TIPU DAYA ULAR EMAS

 



Ada sebuah desa bernama Haneiki. Tanahnya subur dan warganya rajin hingga hasil panen mereka selalu melimpah.

Penduduk Haneiki bekerja keras menanam padi untuk kebutuhan makanan mereka, selain itu mereka juga menanam sayur dan rumput untuk makanan ternak.

Namun, selama lebih satu dekade, ada sekelompok penjahat yang selalu merampok kekayaan yang dimiliki oleh warga desa. Kehidupan desa menjadi tidak aman, warga selalu diselimuti oleh rasa was-was.

Setelah sekian lama, kelompok bandit itu kemudian pergi. Mereka meninggalkan kehidupan desa yang menjadi hancur.  Kas desa dikeruk hingga tandas dan hutang bertumpuk tak terbayar.

Lalu datanglah kemudian sekelompok ular emas. Mereka menggantikan para bandit yang pergi meninggalkan desa.

Kelompok ular emas ini datang dengan kedok untuk memperbaiki kehidupan desa yang hancur oleh para bandit.

Karena aturan, serta rasa takut dan segan, ular-ular emas ini diterima oleh warga dan hidup dari memakan hewan-hewan ternak milik warga Haneiki.

Mereka bukan ular sebagai mana biasanya. Selain sisik berwarna emas, mereka juga memakai jas, dasi dan sepatu mengkilap.

Kelompok ular emas juga memanggil hewan lain untuk menonjolkan pekerjaan mereka. Diantaranya  burung elang, burung hantu dan burung kakatua.

Seiring waktu, hewan ternak warga desa semakin berkurang, dan mereka mulai kesulitan untuk memenuhi kebutuhan hidupnya.

Mereka tidak tahu jika kehadiran ular emas ternyata membawa dampak lain bagi desa dan lahan pertanian mereka.

Tanaman warga desa seperti padi dan sayuran perlahan mulai layu lalu kemudian mengering. Hal ini disebabkan racun yang dikeluarkan oleh ular-ular emas ketika mereka memakan hewan-hewan ternak.

Meski tidak terlihat oleh mata, racun ini menyebar di tanah dan air, sehingga tanaman warga desa terkena dampak yang kurang baik. Bukan hanya tanaman, sebagian besar warga juga mengalami kerusakan otak.

Warga desa sangat sedih, mereka tidak tahu apa yang harus dilakukan untuk menyelamatkan desa mereka.
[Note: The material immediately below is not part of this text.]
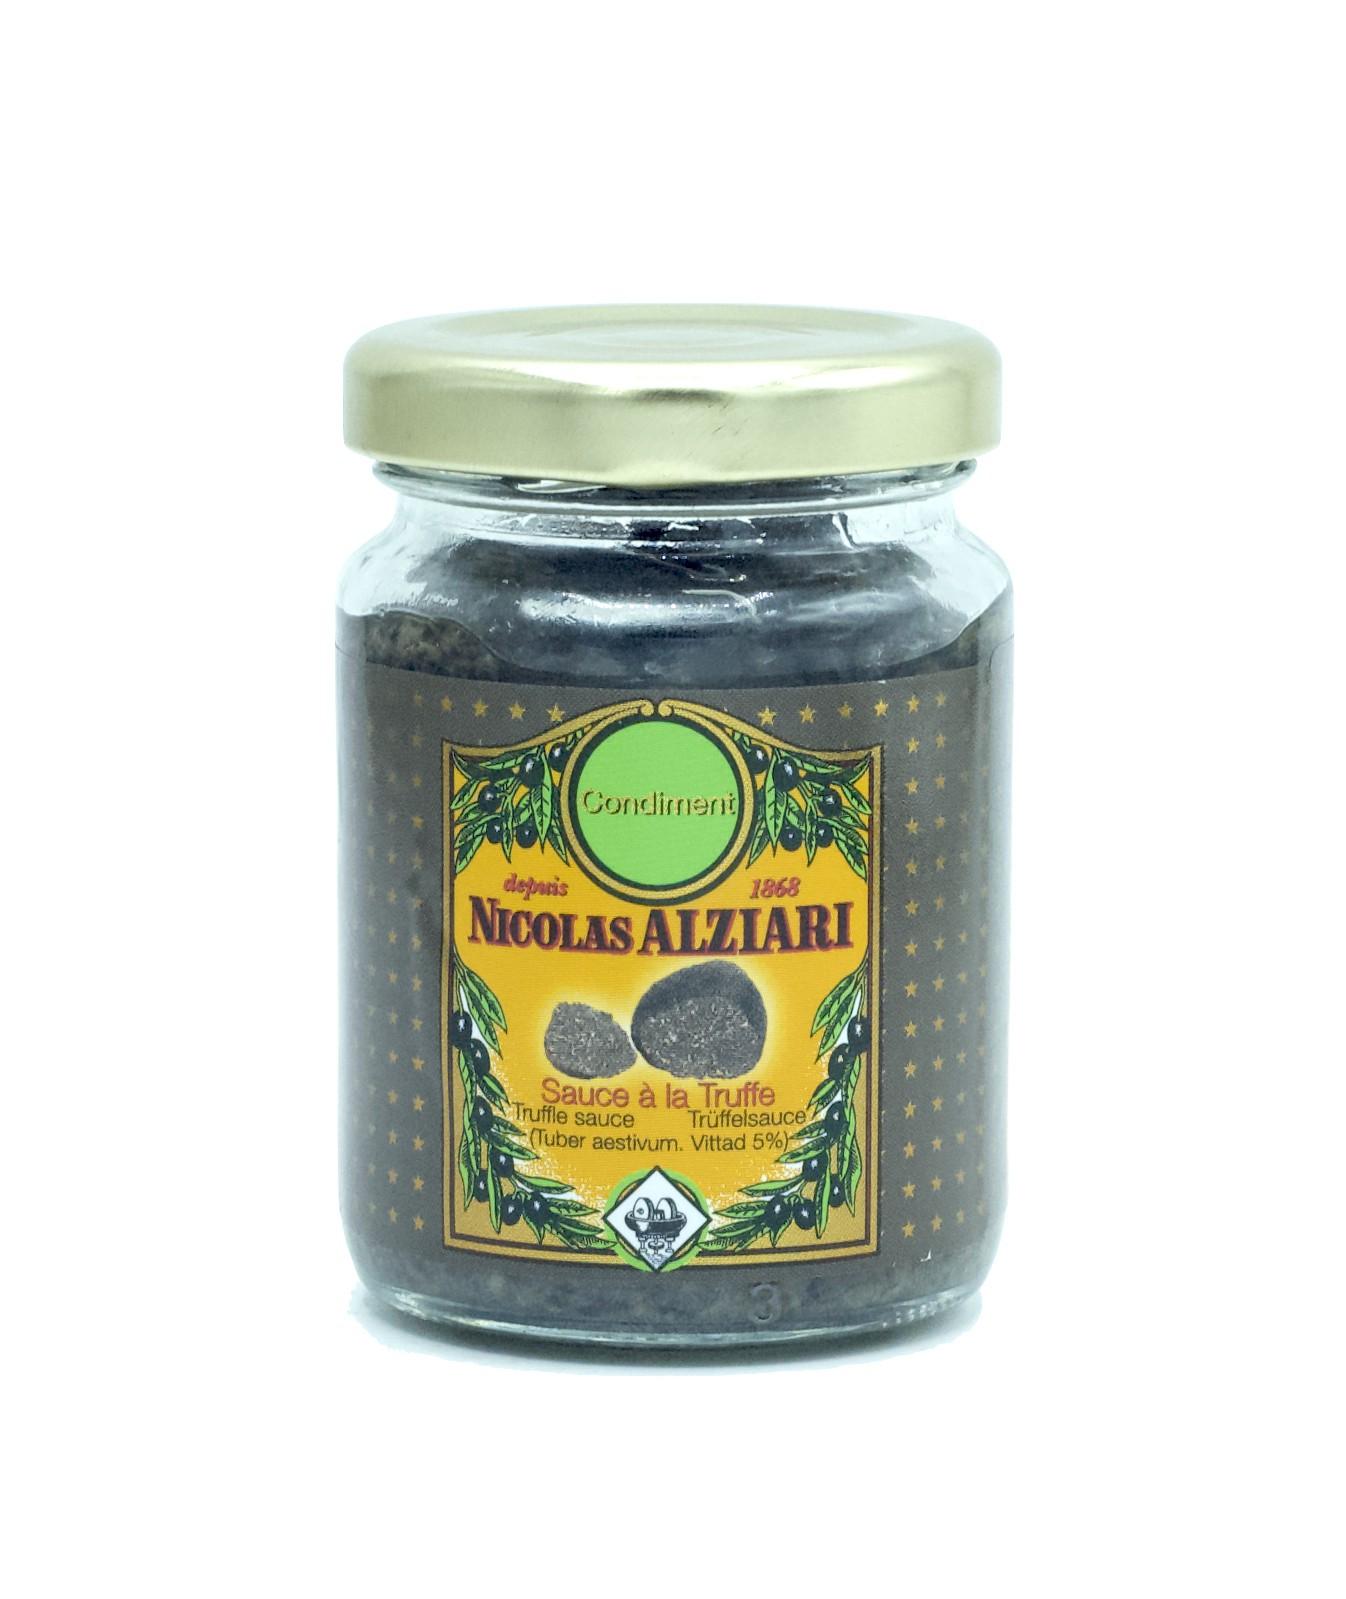 Sauce à la Truffe 80 g (Tuber aestivum, Vittad 5%)

Mereka hanya berharap bahwa suatu hari, ular-ular emas ini akan pergi dan desa mereka kembali menjadi tempat yang aman dan lahan pertanian kembali membawa kesejahteraan bagi mereka.

Suatu hari, seorang anak bernama Logika memberanikan diri bertanya kepada kelompok ular emas itu.

“Saat ini, warga desa Haneiki sudah kehabisan hewan ternak. Padi dan rumput juga sudah tidak ada lagi. Lalu apa yang harus kami lakukan,” kata Logika kepada ular-ular emas itu.

Salah seekor ular emas yang merupakan pemimpin kelompok itu kemudian menjawab.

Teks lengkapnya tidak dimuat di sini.